*** EXERCISE DATA Section Begins ***

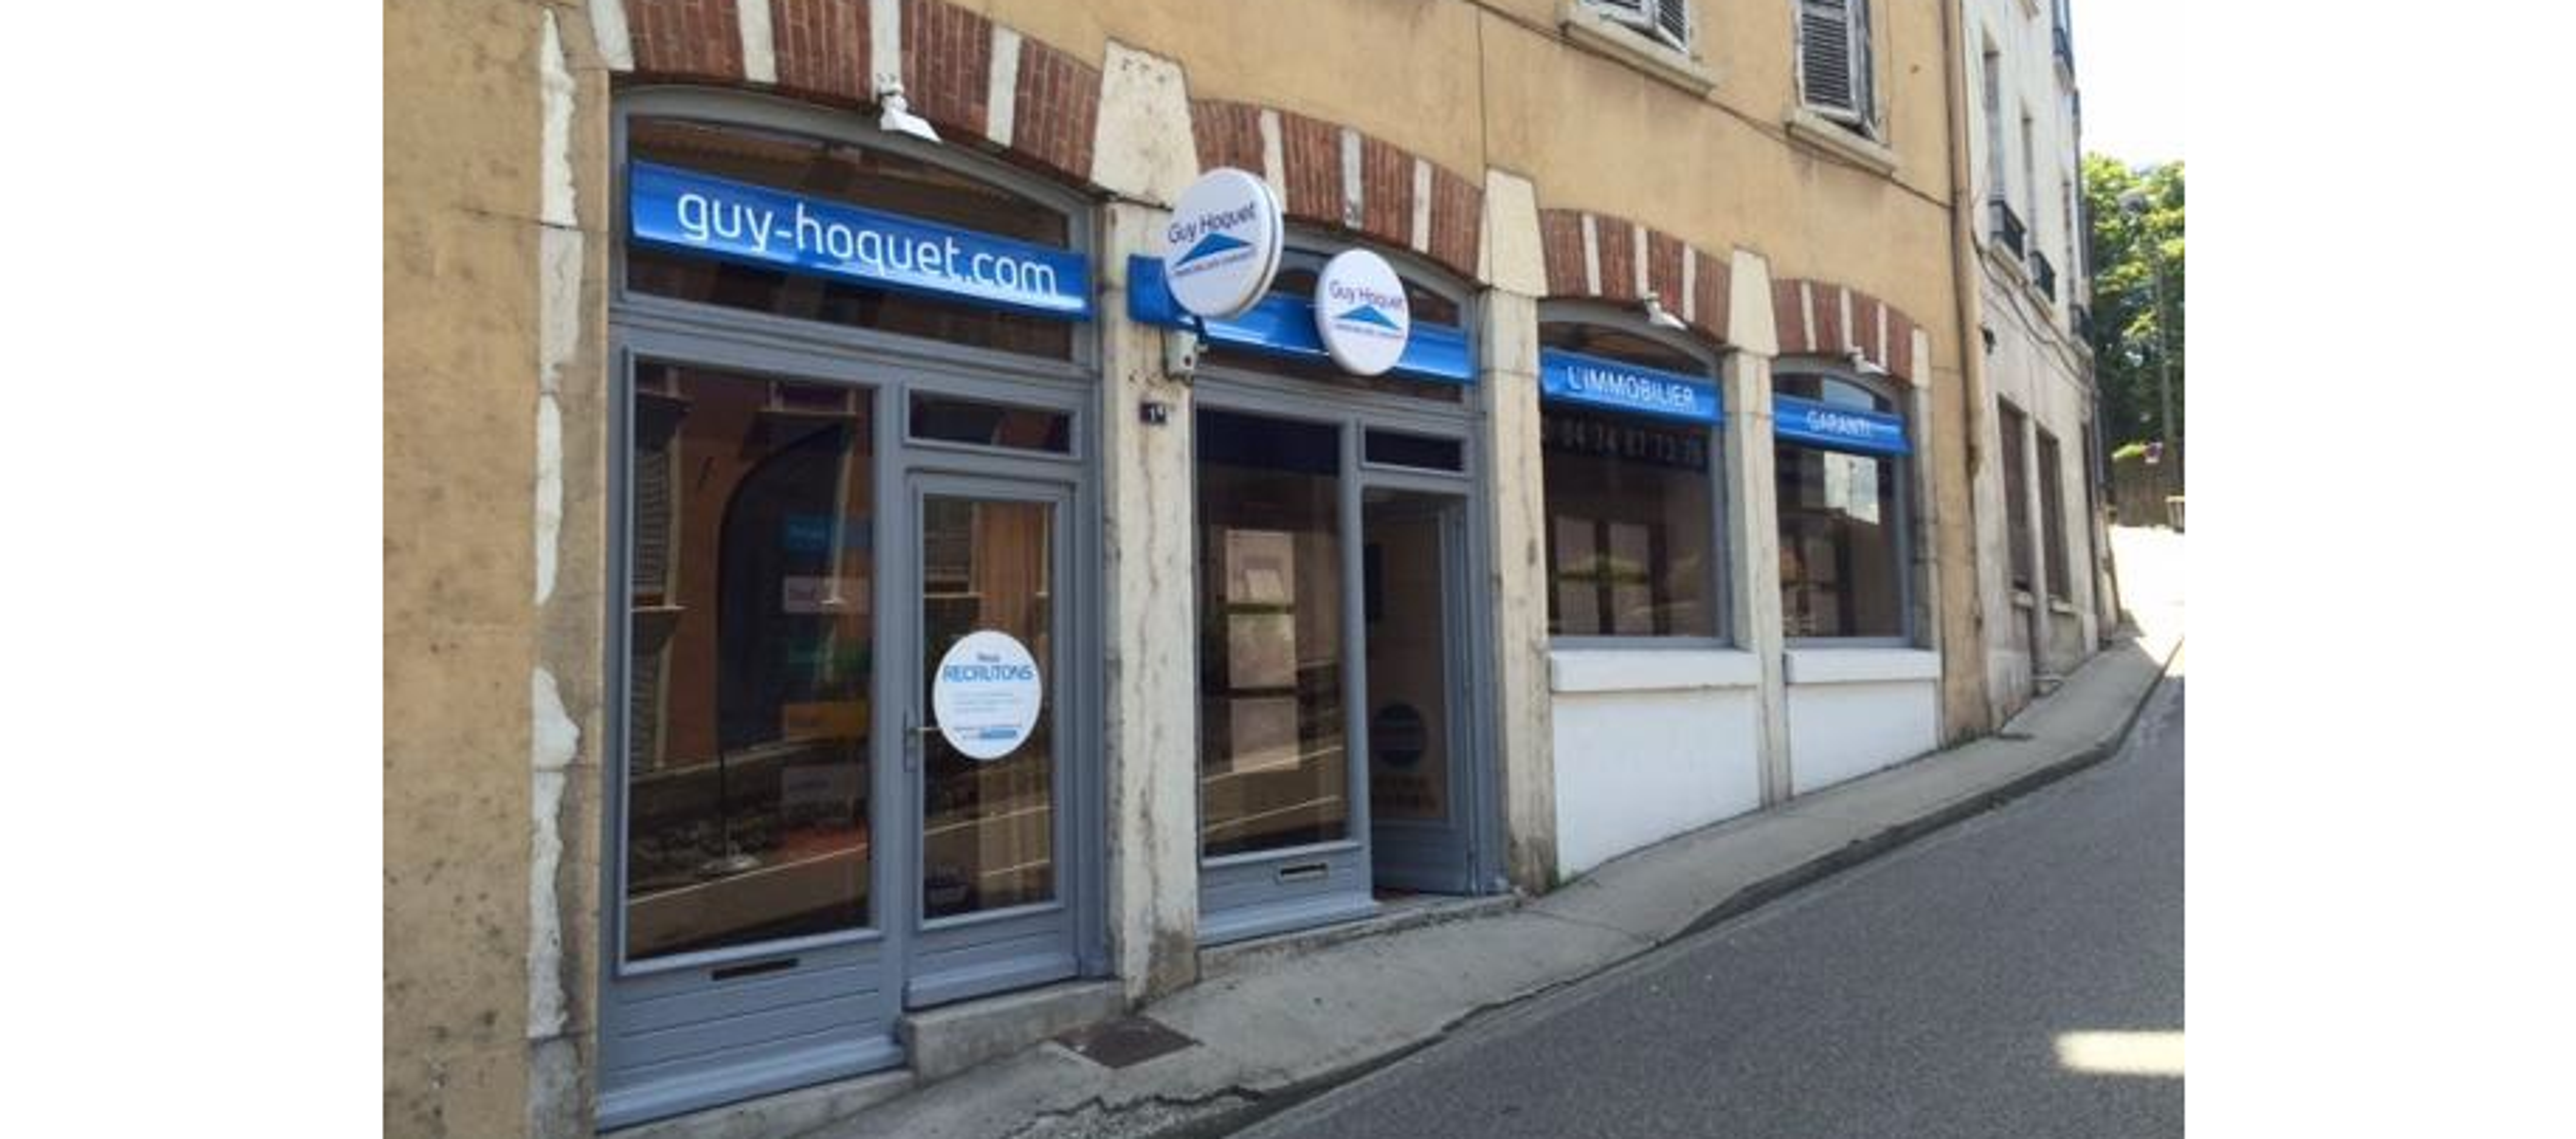 Agence Guy Hoquet VIENNE
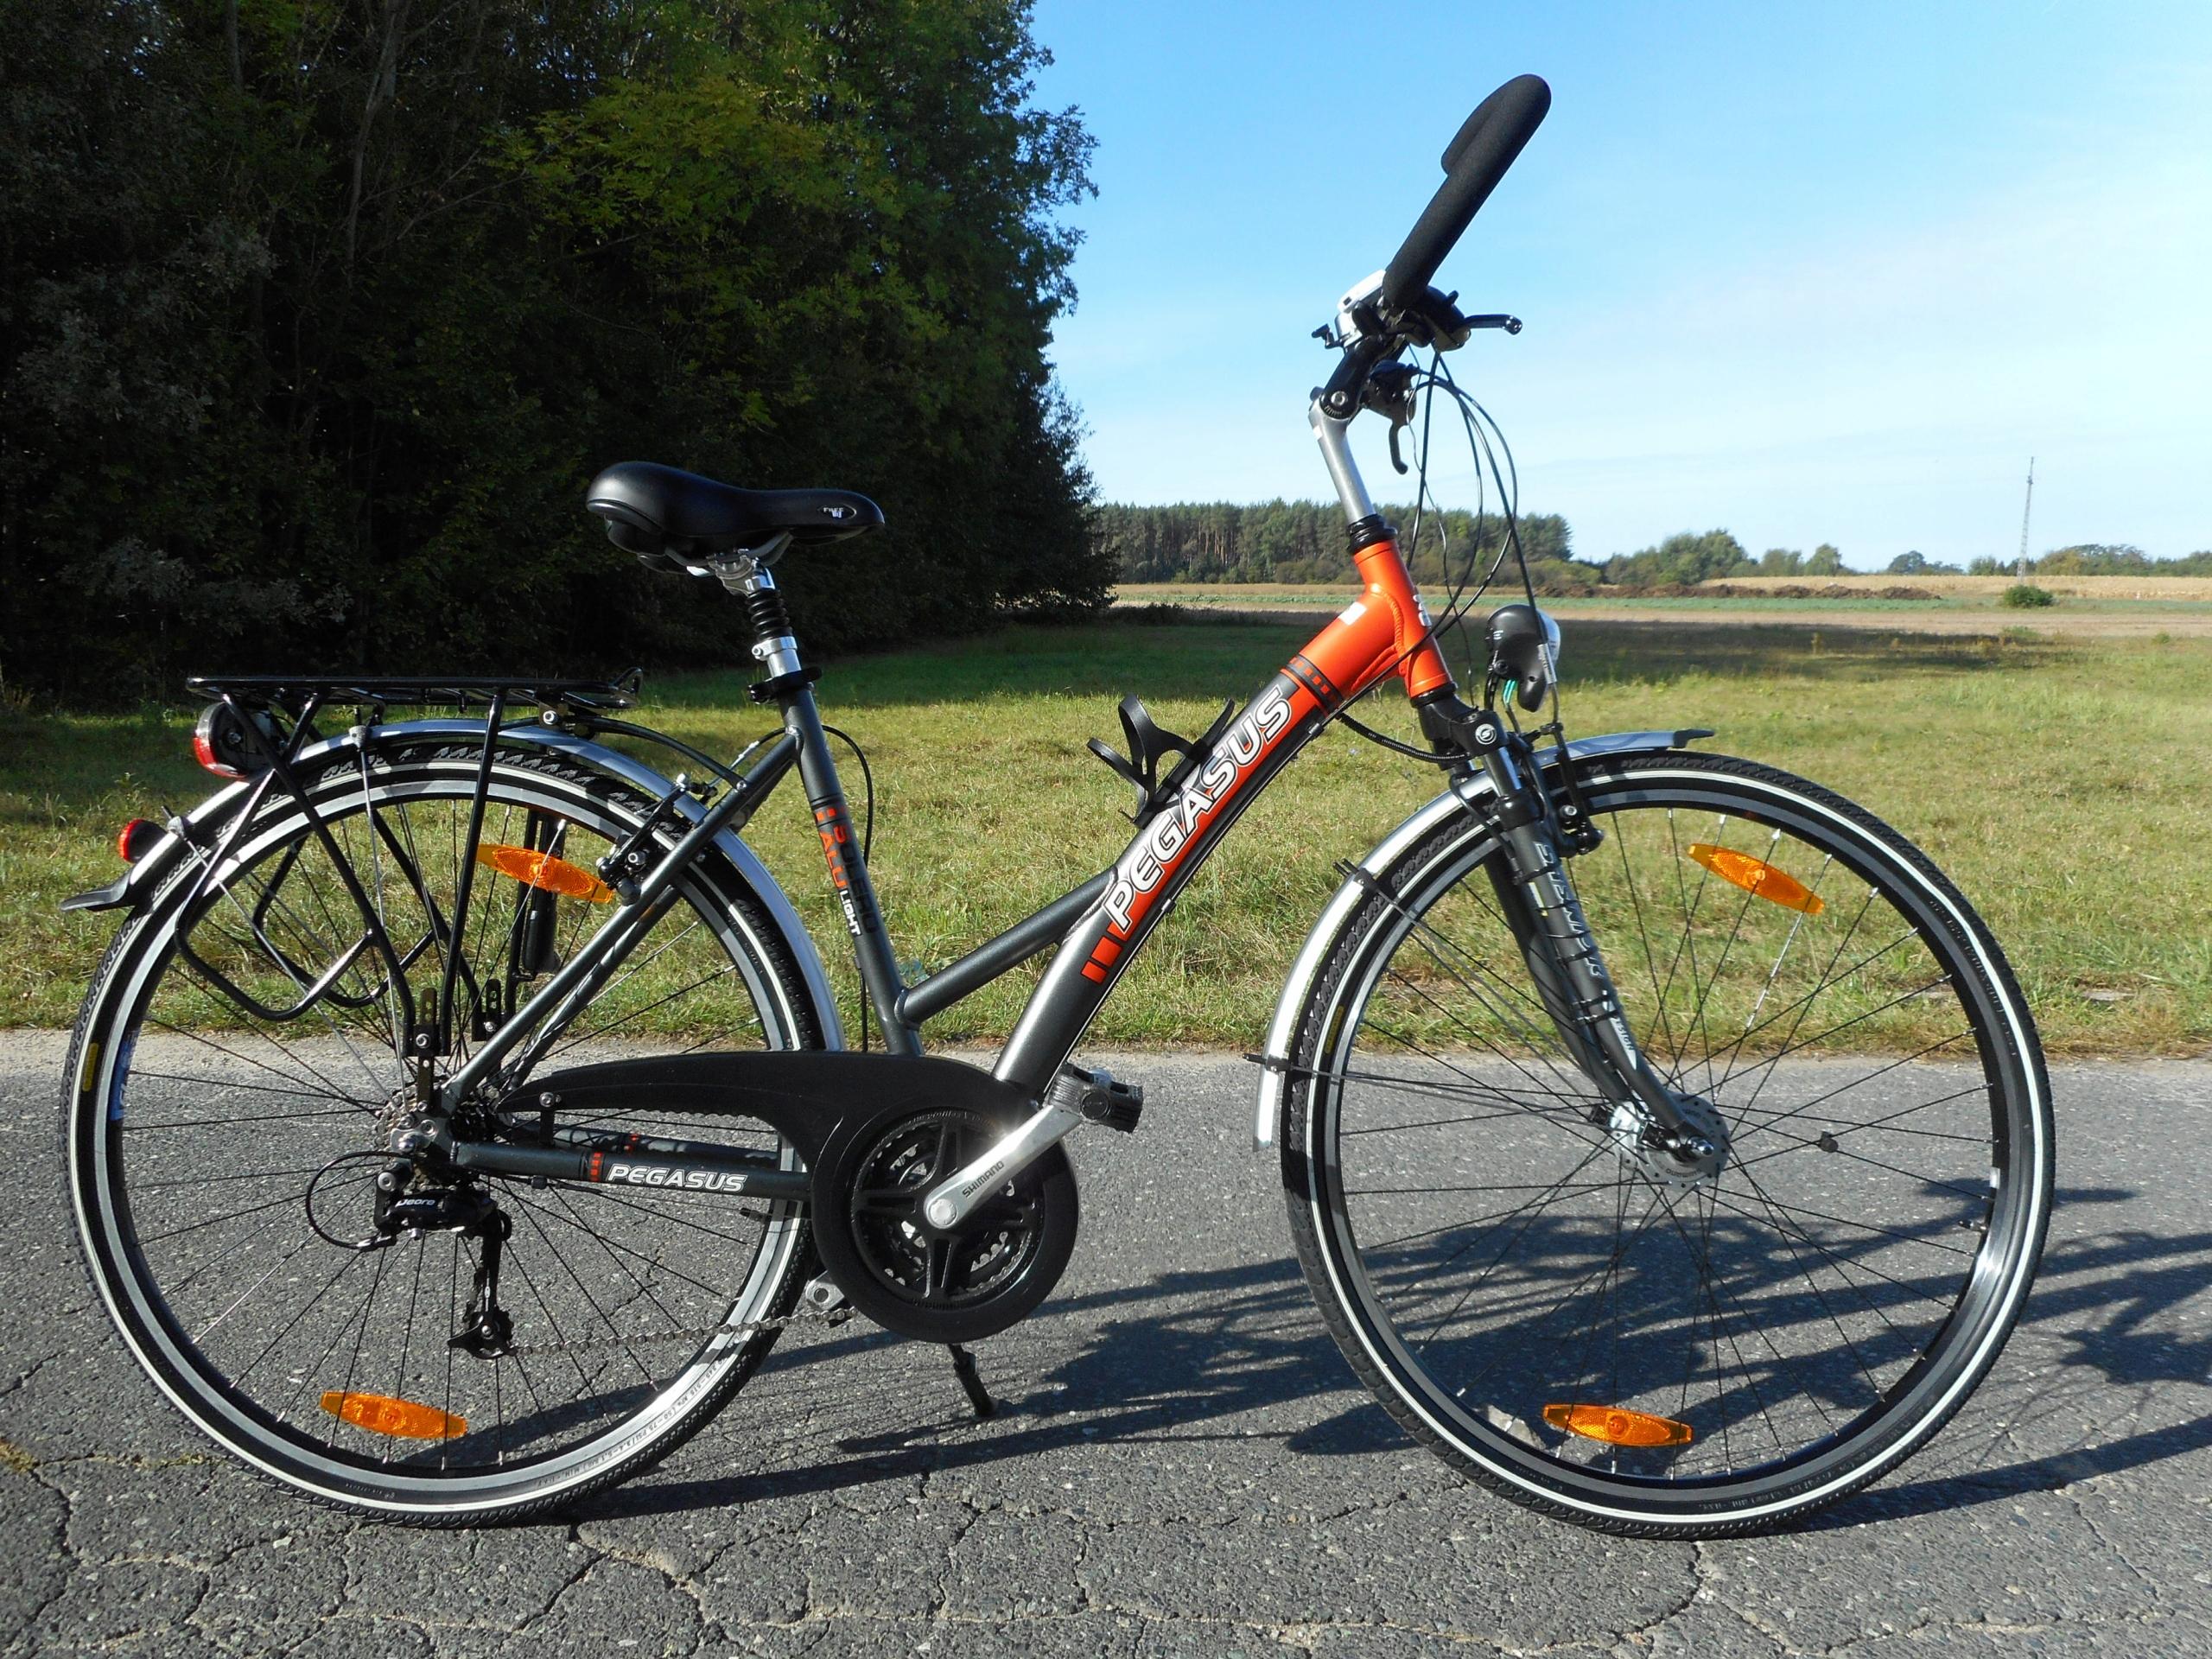 rower damka PEGASUS koła 28 21 biegów aluminiowa
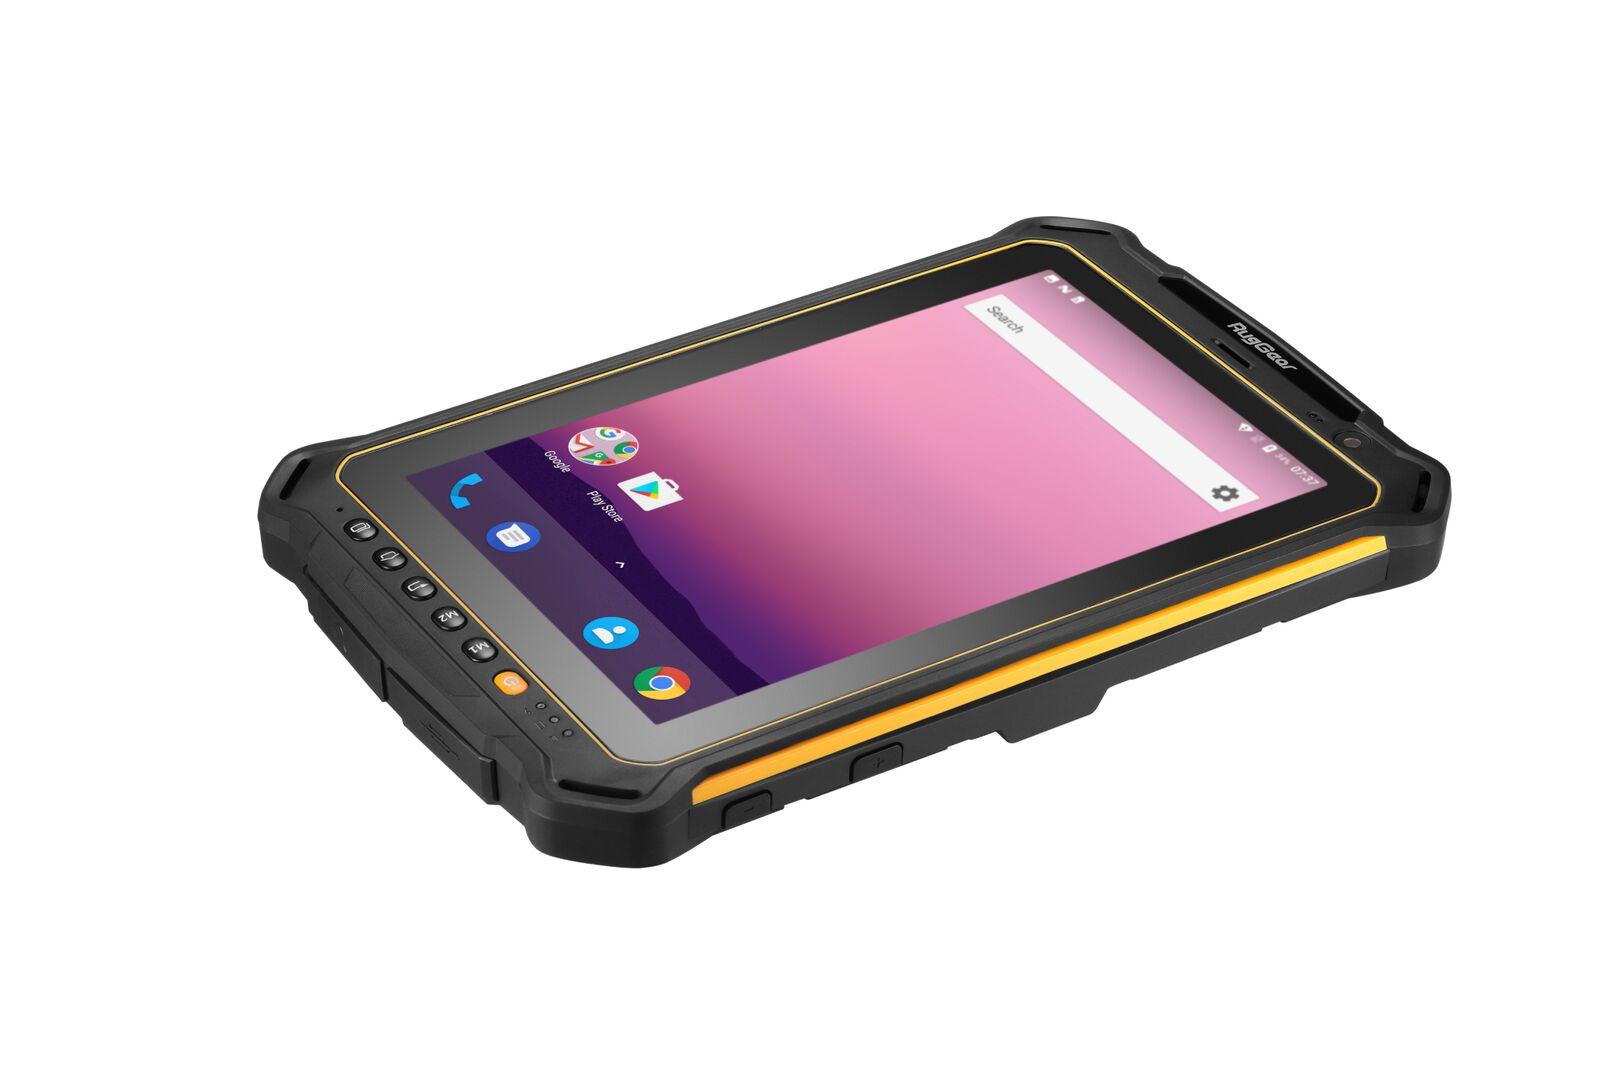 8d760cad0 RugGear  Rugged-Tablet mit Android vorgestellt - Notebookcheck.com News

*** EXERCISE DATA Section Ends ***

● EXERCISE DESCRIPTION
Reproduce, exactly and with no pictures, the lines from the line containing "rower damka PEGASUS" through the closing line of the data above, keeping both ends.

● WORKED SOLUTION
 rower damka PEGASUS koła 28 21 biegów aluminiowa
 8d760cad0 RugGear  Rugged-Tablet mit Android vorgestellt - Notebookcheck.com News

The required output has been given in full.